The fact is that AWS revenue likely is at least five times that of Microsoft despite the fact that Amazon is essentially new to the corporate IT game.
That’s not the only area Microsoft lags. The Xbox lags the Sony Corp (ADR) (NYSE:SNE) PlayStation in market share. Meanwhile, the new Xbox One X is priced higher, and with weaker games, than the PlayStation 4 Pro.
Microsoft Edge market share hasn’t budged from a sub-6% level. Sales of Surface tablets and PCs are growing but Microsoft is nowhere close to a market leader there, either.
Just a few years ago, the knock on Microsoft was that it was unable to extend its dominance beyond its 1990s-era operating system and office software verticals. That’s still the case even if its performance elsewhere has improved. But that improvement doesn’t seem like enough to justify the growth expectations now baked into MSFT stock.
Is The Growth Priced Into MSFT Stock Really Coming?
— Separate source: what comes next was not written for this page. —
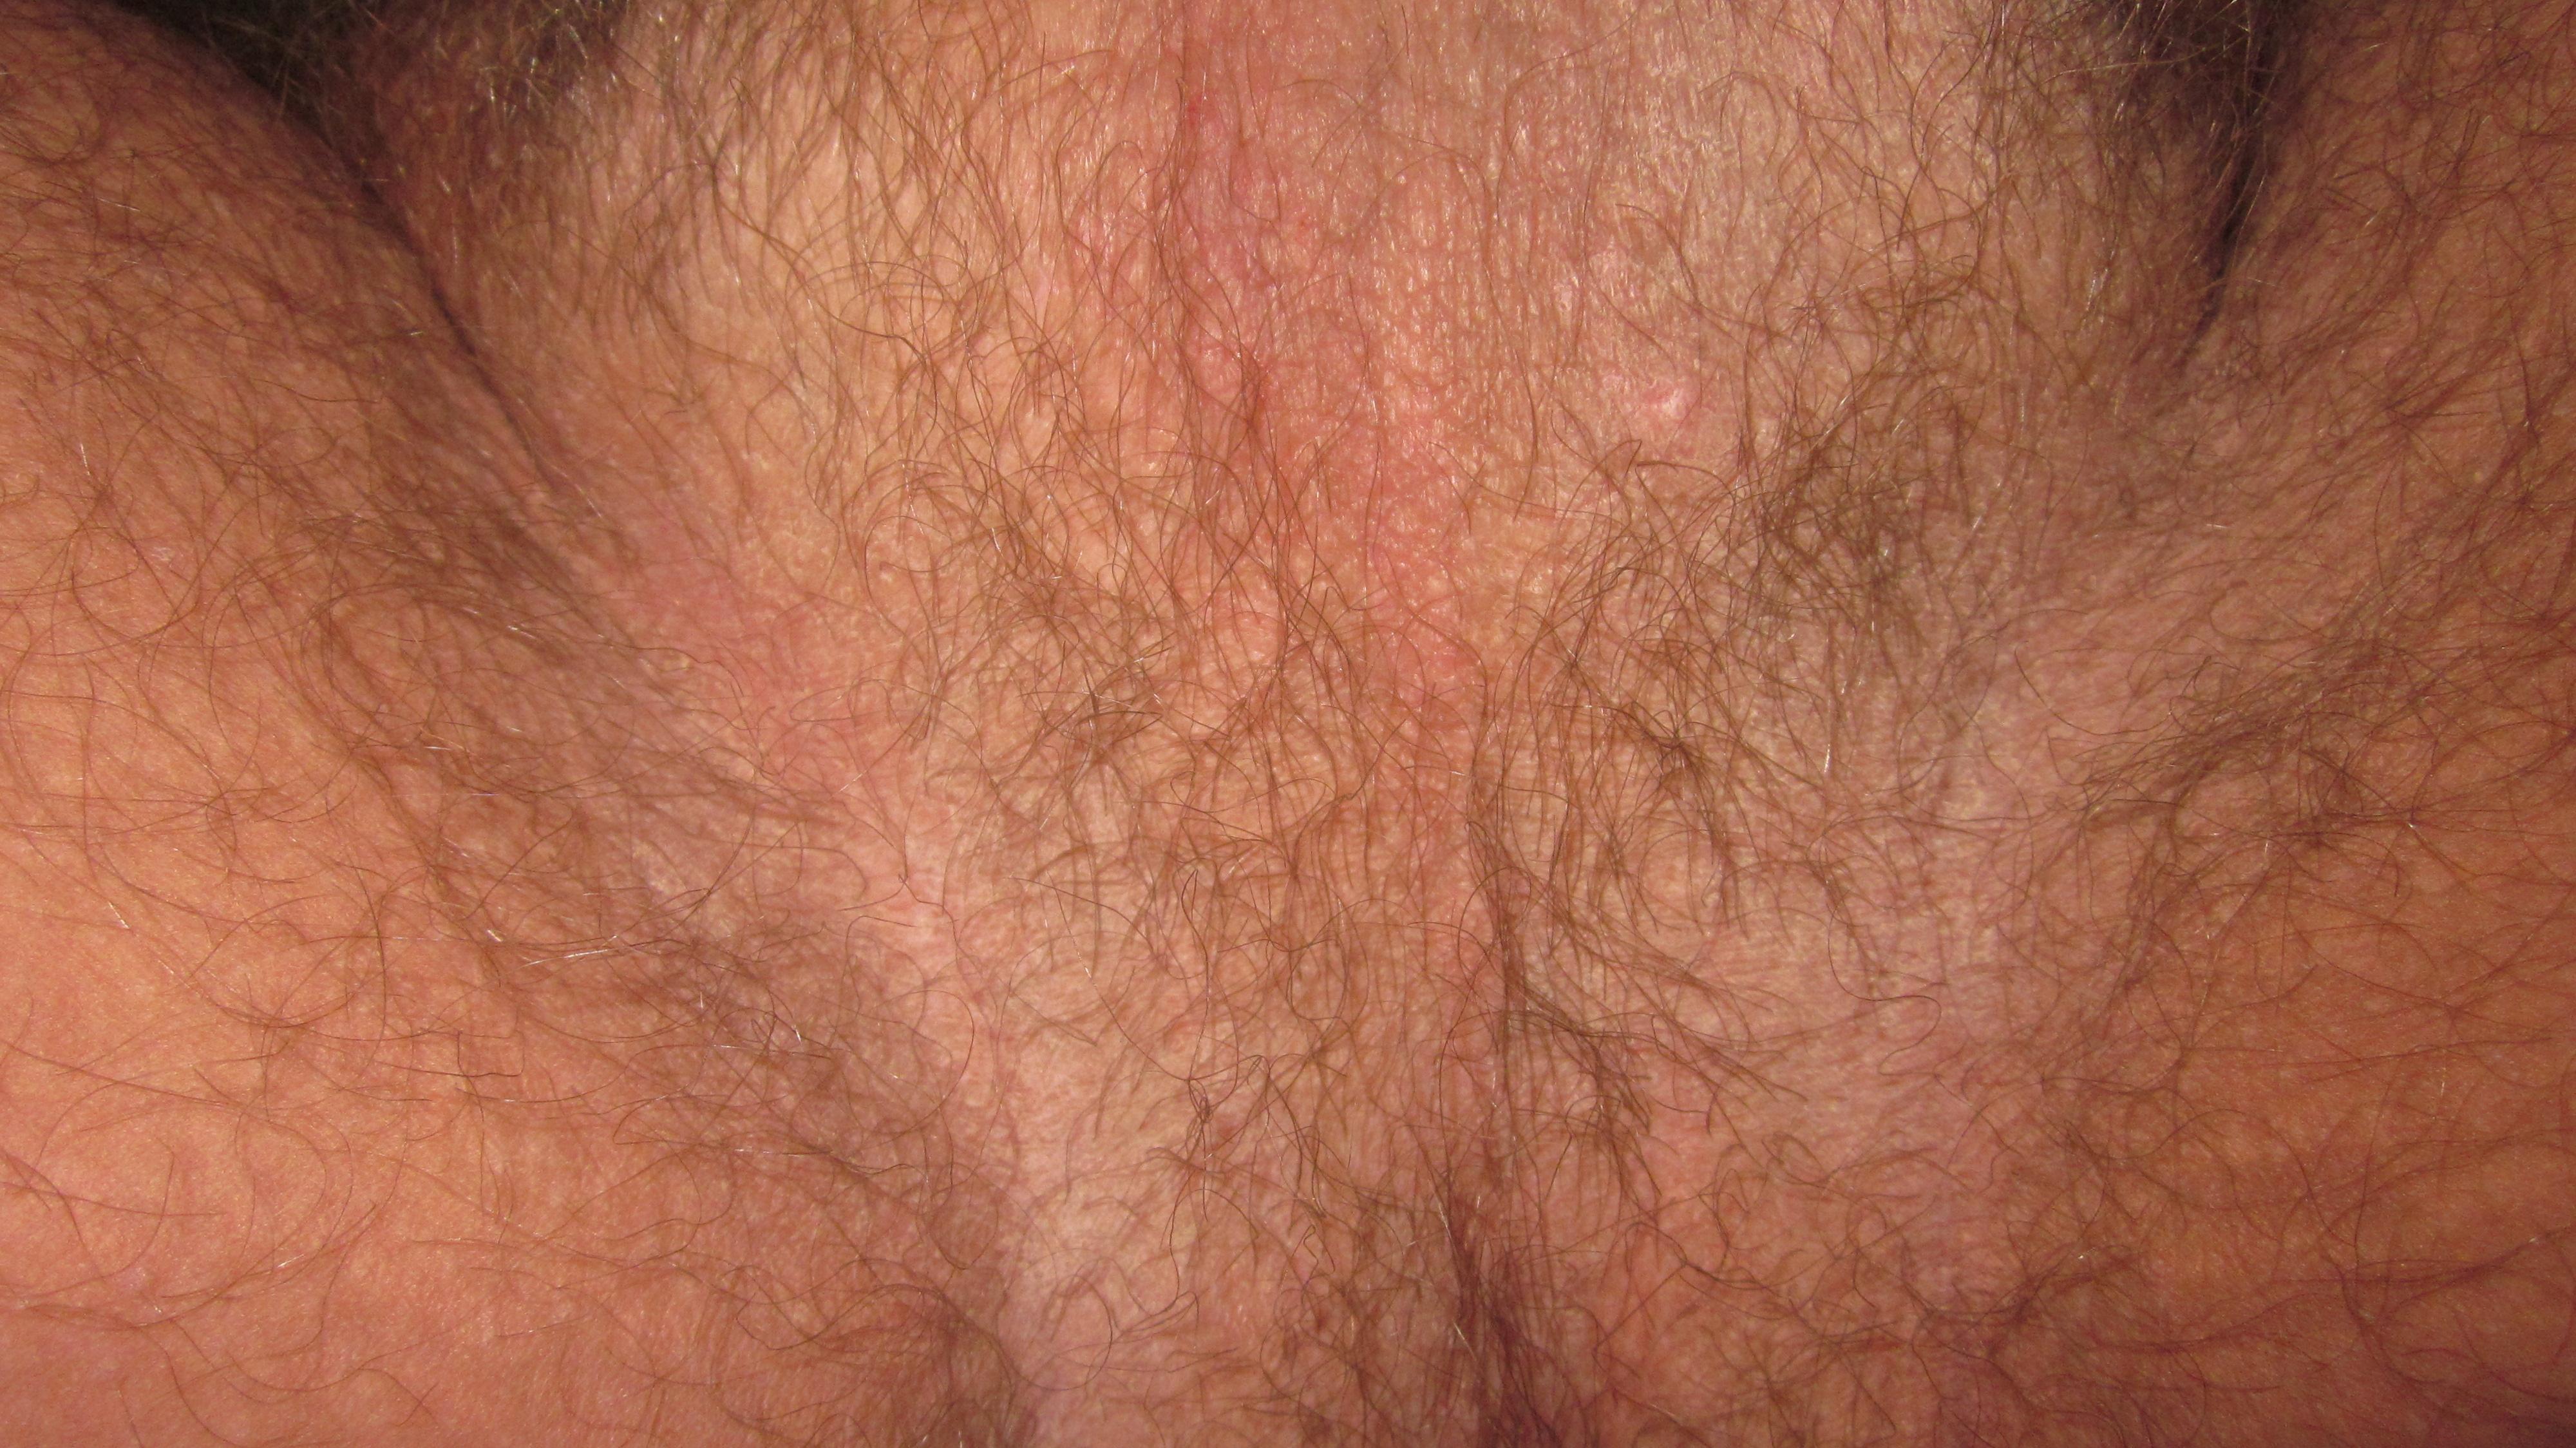 itchy scrotum eczema - MedHelp

The question for Microsoft stock at the moment is simple: Are Windows, Office 365, and Azure enough? And it’s there that I remain skeptical. Windows sales are doing better than expected Sbecause PC sales appear to have stabilized. But there may be another leg down in those sales, given longer lifespans and better experiences on mobile devices.
Office 365, meanwhile, cannibalizes existing revenue. Indeed, much of the enthusiasm toward Microsoft’s cloud business ignores the fact that a good chunk of the business is coming from existing desktop-based customers in Office, Server, and other areas. And Azure, while growing at a nearly 100% rate, is a ~$3 billion business against a market cap for MSFT stock well over $500 billion.
There’s a case where that’s enough for modest, consistent earnings growth. The problem is that Microsoft stock near $70 isn’t pricing in that kind of growth.
Rather, investors are expecting years of double-digit earnings growth, at least based on a 21x forward multiple. And it’s there where I disagree with the Microsoft stock bulls. I don’t think there’s enough to support those expectations. And that makes Microsoft stock look too expensive, still.
As of this writing, Vince Martin has no positions in any of the aforementioned securities.